Transcreation was fundamental in conveying timely, important emergency information. And the reception was overwhelming. According to Gould, the team witnessed “147,000 total visits to transcreated emergency webpages — 58,000 for Spanish, 64,000 for Vietnamese, and 25,000 for Chinese.”

Public safety continuity 

“[With Zoom] we were able to sustain all of our major public health services — police, fire, water, sanitation — without disruption,” Riordan noted. The San José team was even able to operationalize a food necessities distribution program for those who were in need or out of work due to COVID-19. ”We delivered over 2 million meals a week,” he added.

Bridging the digital divide

“We bridged a digital divide by distributing hotspots, computers, [tablets], so [the public] could communicate with us [over Zoom] and to support education,” Riordan said. 

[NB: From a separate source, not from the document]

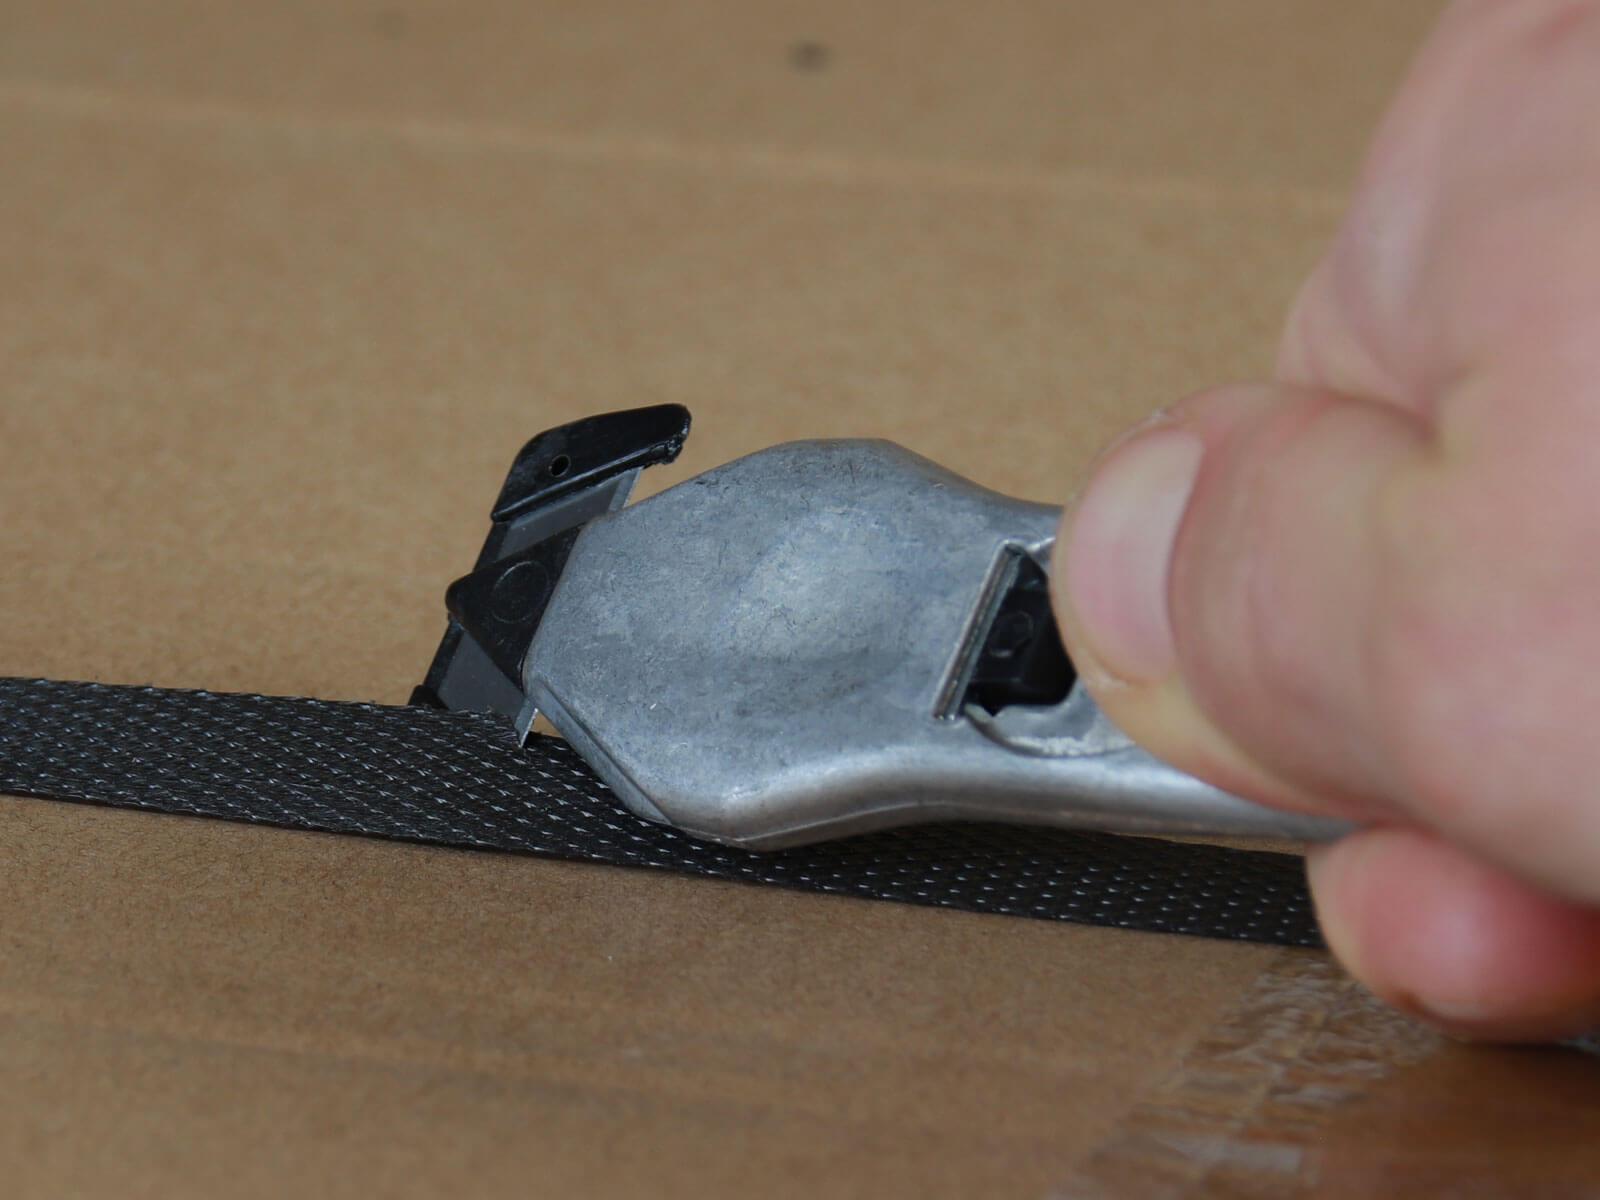 H031P Sicherheitsmesser Schutzhaken metall Umreifungsband schneiden CURT-tools

The increased digital presence resulted in better community engagement across town hall and City meetings, as Taber noted, “On average, we used to have [less than] 50 people attend meetings in person. For virtual meetings, we have about 263 unique viewers per meeting and we recently peaked with 573 viewers.” When it came time to discuss an important topic recently, Taber and the team saw a robust, hybrid pool of attendees. “We had about 100 people attend in person, and 1,000 attend virtually.” The team has also provided access to Zoom recordings of public meetings over YouTube and Facebook, resulting in engagement as high as 4,000 views for a single public session. 

Protecting lives and livelihoods

San José’s disaster response and recovery planning was also focused on helping those who are struggling most, using collaboration technology to orchestrate outreach to those facing housing insecurity. The team also used this technology to implement testing and vaccination efforts in areas where vulnerable populations live, execute programs for the homeless, coordinate addiction relief services, and more.

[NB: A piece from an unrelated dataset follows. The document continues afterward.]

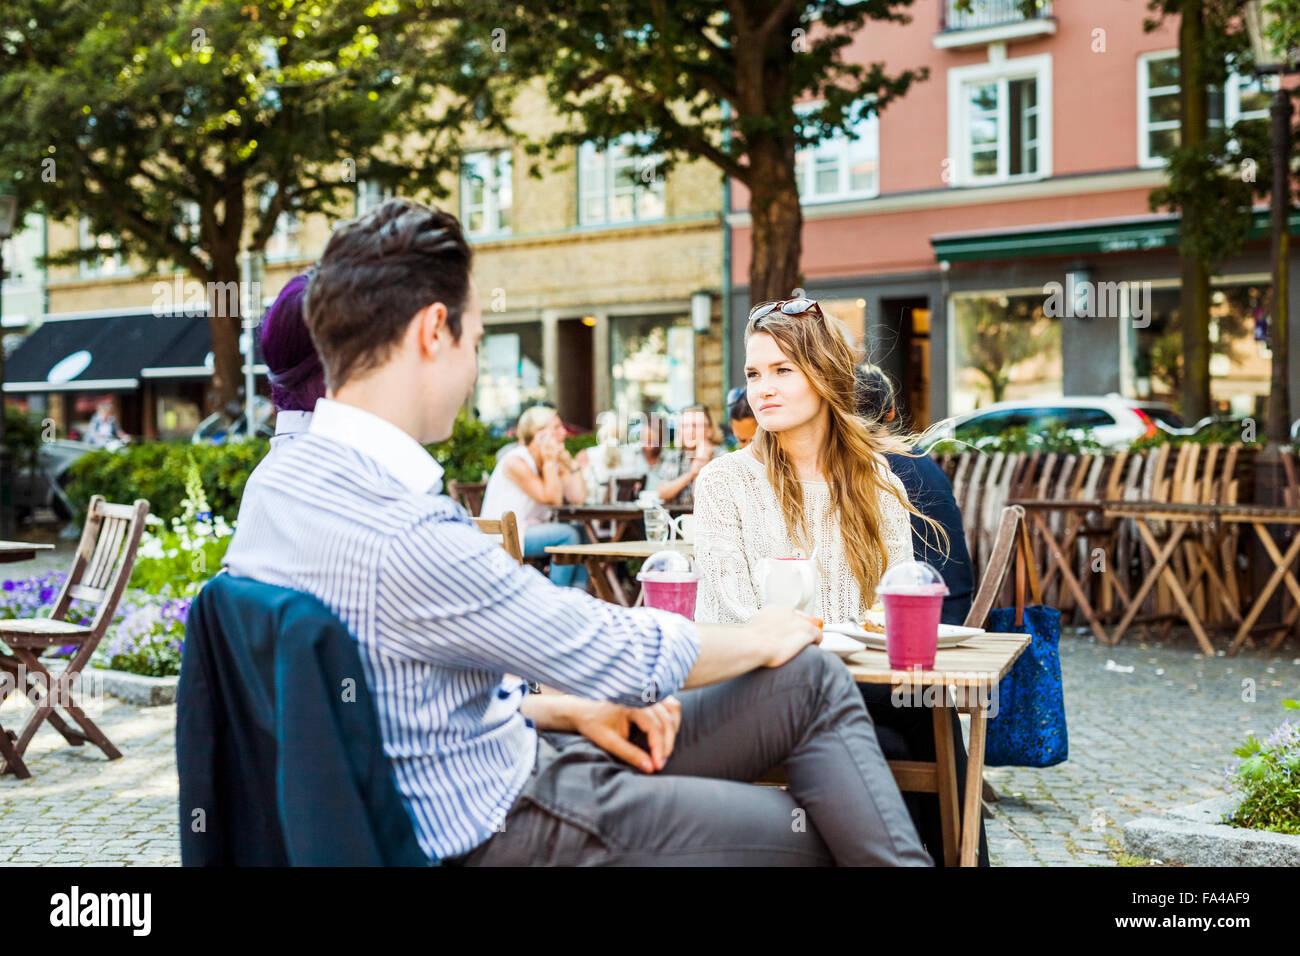 Amigos sentado en la cafetería en la plaza de la ciudad Imagen De Stock

“All of this was done through the Zoom capability — Zoom brought us together to do incredible things that will have a lasting impact,” Riordan said.

Reimagining the workings of local government 

With challenge comes an opportunity for change. The City of San José embraced the obstacles ahead of them to bring innovation and inclusivity into the forefront of everything they do. This matches the people of Silicon Valley, as the San José team noted, “We aspire to be as innovative as the community we serve.” 

“Even local governments can embrace ingenuity and efficiency. This past year tested a system and a culture, and necessitated doing business differently. From revising policy to the adoption of various technology tools, [we had to find] more effective methods to reach and engage all members of our community, regardless of which language is spoken or if they’re differently-abled individuals,” Maciel reflected.

“We used these tools to connect in a way that we’ve never connected before — to be the answer to a community in a time of crisis. We now have a digital workforce and digital public. We tell people welcome back, but it’s different now,” Lloyd said. “We have a couple of imperatives we are focusing on: continuing pandemic recovery, managing a different type of organization, and using these tools to make decisions that are more representative of our community.” The City sees Zoom playing an important role in those efforts.